EvolvingLMMs-Lab / LongVA

Long Context Transfer from Language to Vision
Apache License 2.0
182 stars 11 forks source link

Some questions about LongVA #8

Closed linhaojia13 closed 5 days ago

linhaojia13 commented 6 days ago

This work is fantastic and has been very inspiring to me. I have a few questions:

  1. Pre-training data: The paper seems to indicate that you converted Slimpajama to PDF to construct the data. Is that correct?
  2. Instruction data and codes: After pretraining, what instruction data are used for fine-tuning LongVA? Also, when do you plan to release the instruction tuning code?
jzhang38 commented 6 days ago

The paper seems to indicate that you converted Slimpajama to PDF to construct the data. Is that correct?

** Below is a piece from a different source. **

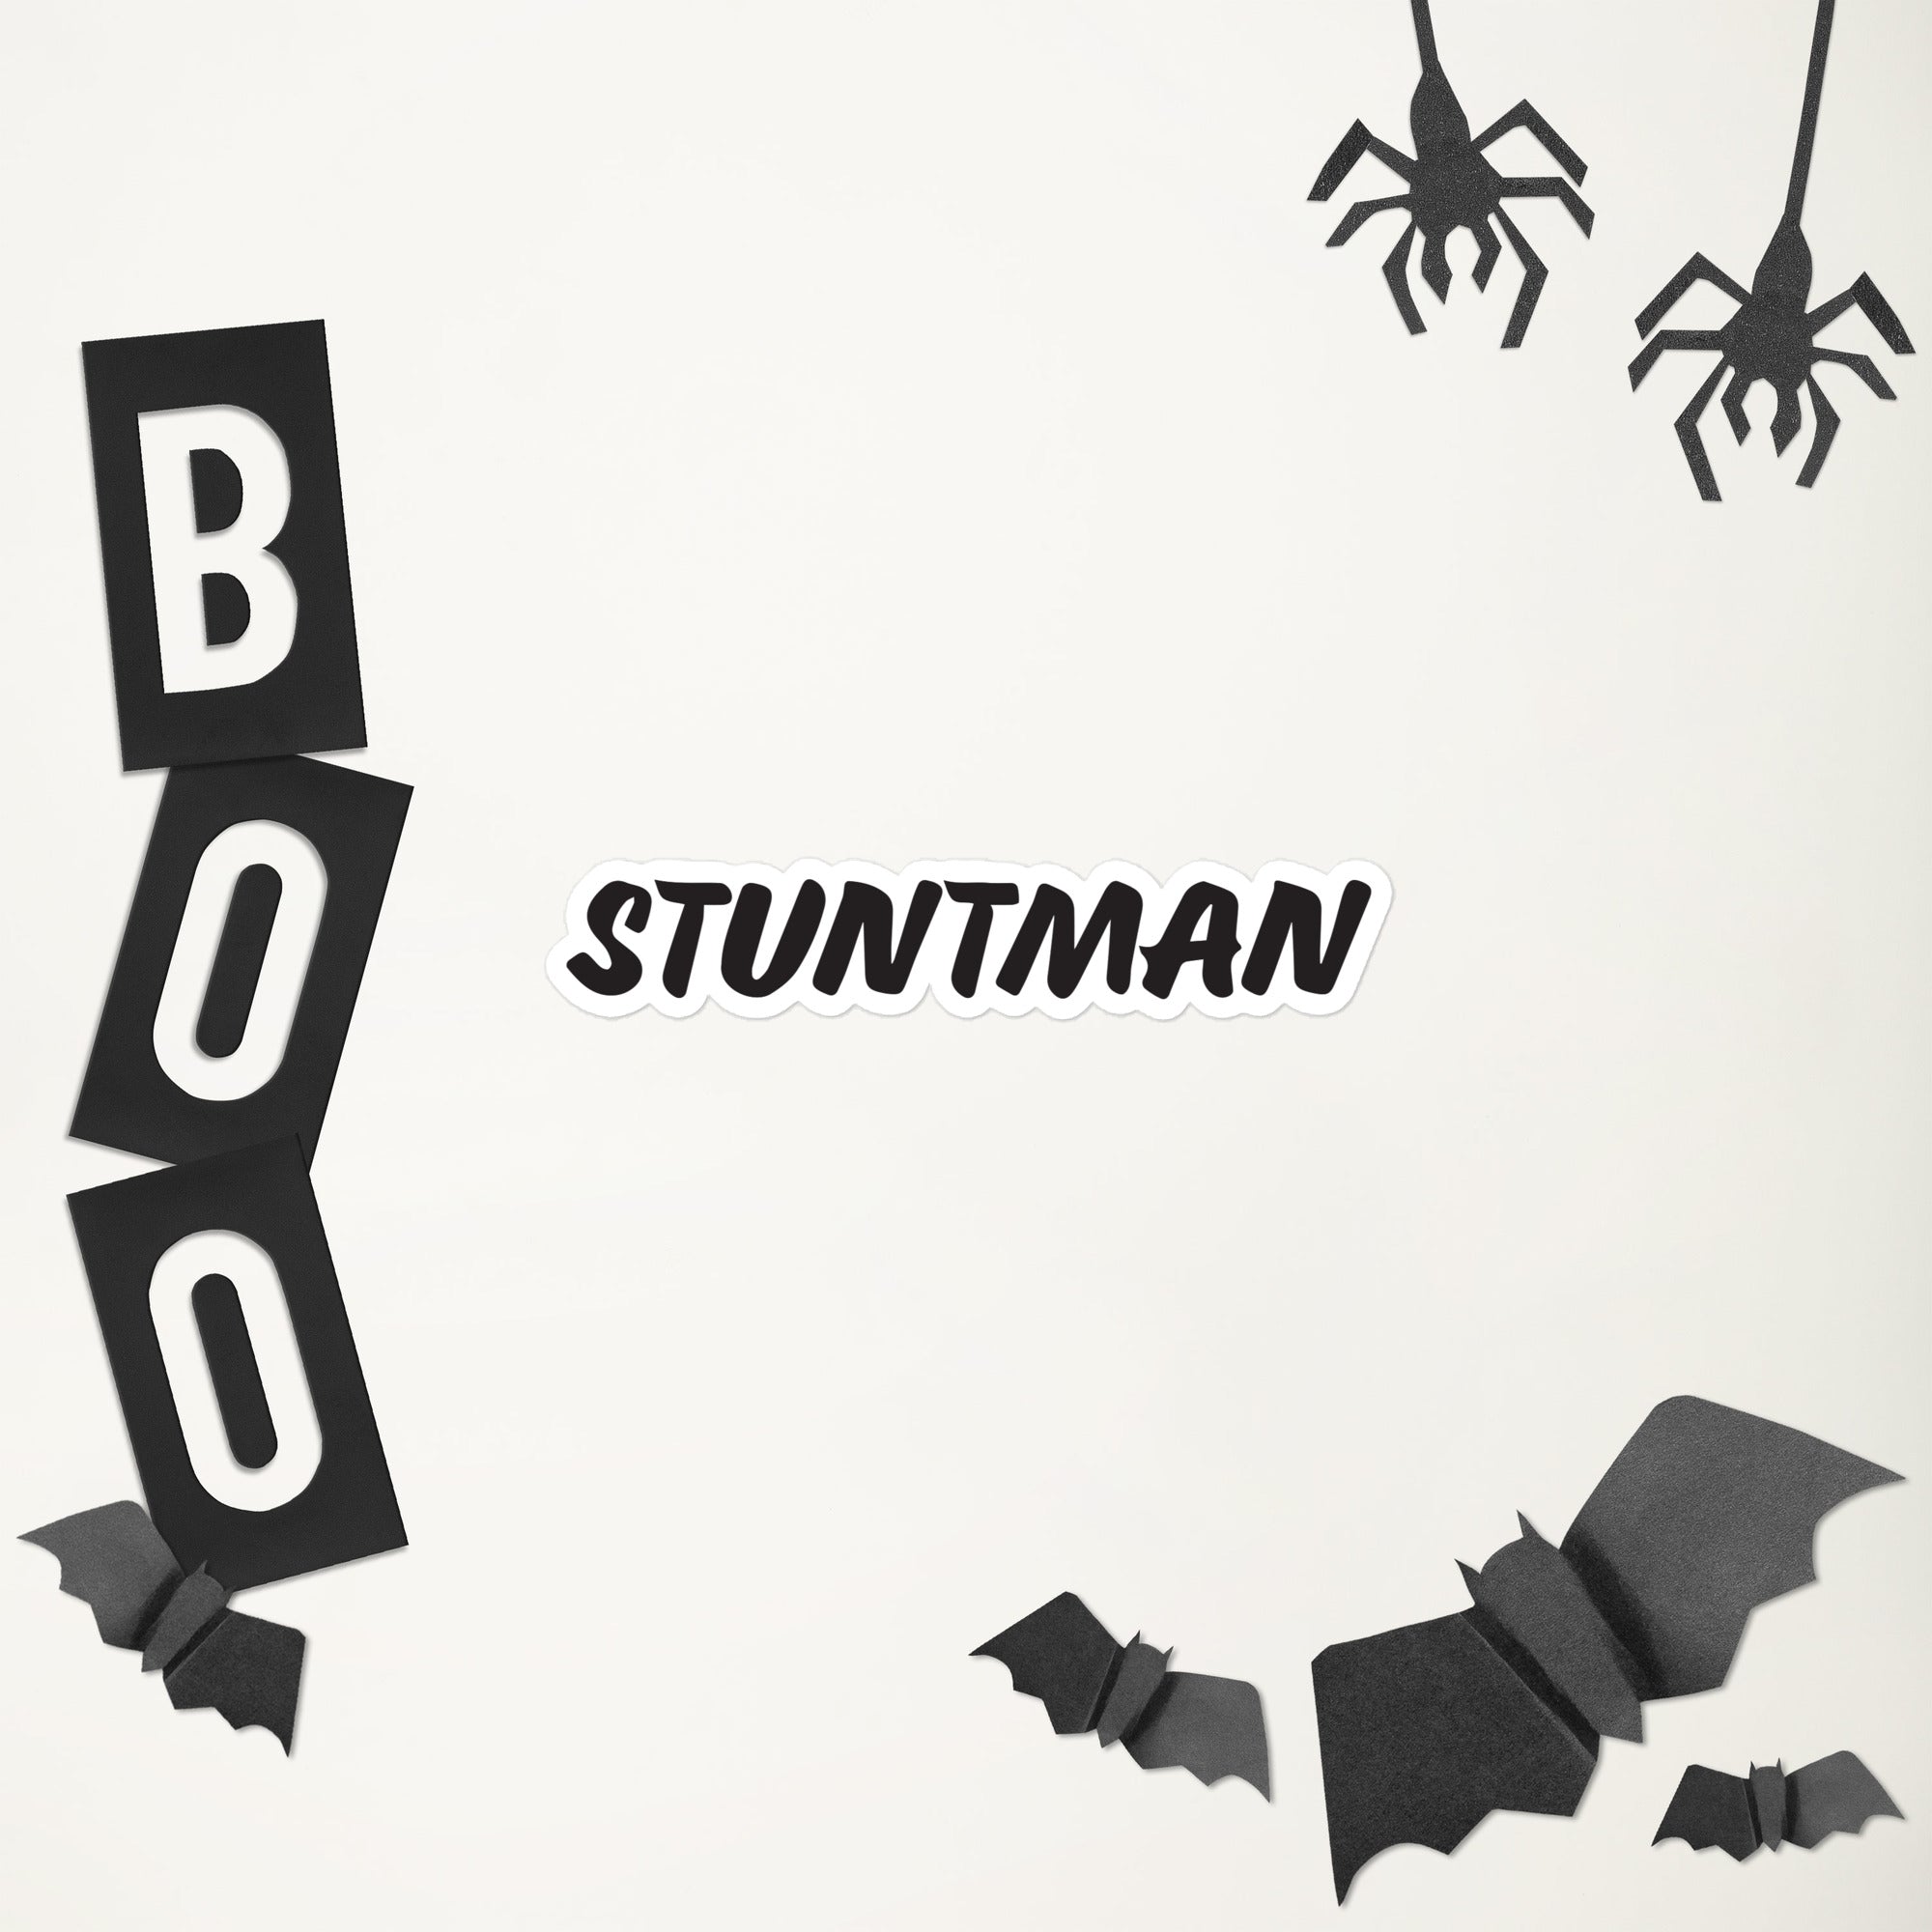 Stuntman Bubble-free sticker

No. In the long-context training stage, we train on text from Slimpajama only. But converting Slimpajam to PDF is an interesting idea. We've also thought about it but have not tried it yet.

After pretraining, what instruction data are used for fine-tuning LongVA

Same as Llava-1.6

When do you plan to release the instruction tuning code

See https://github.com/EvolvingLMMs-Lab/LongVA/issues/3

linhaojia13 commented 5 days ago

Thank you very much!